The math underlying any such decision is straightforward: Why pay $4,000 to rent the average one-bedroom apartment in NYC when you can pay the same monthly amount to own a $650,000 home in a New Jersey community that has direct and relatively quick train service into Manhattan (when a hybrid worker might need it). Throw in modestly lower taxes, decent schools and cheaper child care, added public safety, and various conveniences, and it’s a pretty easy call for many New Yorkers who can afford to make such a move. As the National Association of Realtors just concluded, New York City residents really are headed toward the exits, “and their top destinations ensure a cheaper life”:
New Mamdani tax, housing, child care, and other policies adding to these already-high pressures are sure to hasten the exodus.
Summing It All Up
Wealthy elites often have specialized needs—access to capital markets and clients, proximity to their businesses, cultural and social networks—that New York City uniquely provides, and higher costs usually won’t offset these advantages. But cities don’t run on billionaires alone. They run on the accumulated contributions of all residents, including hundreds of thousands of HENRY professionals who work in New York’s knowledge industries, patronize its businesses, pay substantial taxes, and do it all without government help or the perks that only the ultrarich can afford. For these folks, living costs matter, and—thanks to remote work—they’re increasingly willing to leave when life gets too expensive or uncomfortable, taking their tax dollars with them. (And, if recent news out of Connecticut is correct, the exodus may have already begun.)

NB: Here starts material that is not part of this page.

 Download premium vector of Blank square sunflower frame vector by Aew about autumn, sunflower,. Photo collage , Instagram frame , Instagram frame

The silver lining, if there is one, is that, by eroding New York City’s tax base, HENRY departures would make Mamdani’s budget-challenged plans even more challenging. As the Stanford researchers note, the loss of high-earning employees has “potent fiscal consequences for states and localities,” with migration from high- to low-cost states significantly reducing income tax collections in the former (and overall) between 2020 and 2023. Other studies, meanwhile, show that outmigration from New York—driven mainly by NYC departures—has reduced taxable incomes there by tens of billions of dollars. Lower tax revenues would mean less money available for the social programs Mamdani wants to implement. Lose enough HENRYs, and the math stops working altogether.

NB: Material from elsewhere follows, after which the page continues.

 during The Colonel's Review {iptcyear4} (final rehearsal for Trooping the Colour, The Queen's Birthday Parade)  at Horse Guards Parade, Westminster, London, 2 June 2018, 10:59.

Ironically, it might be this flight risk that prevents many of Mamdani’s policies from being implemented in the first place. That’s another benefit of people voting with their feet— and of remote work helping them do it.
*And, before you ask: Despite all the return-to-office talk, the latest data for November 2025 show work-from-home rates to be stable, with only a small drop this year and particular strength in finance, IT, and professional services.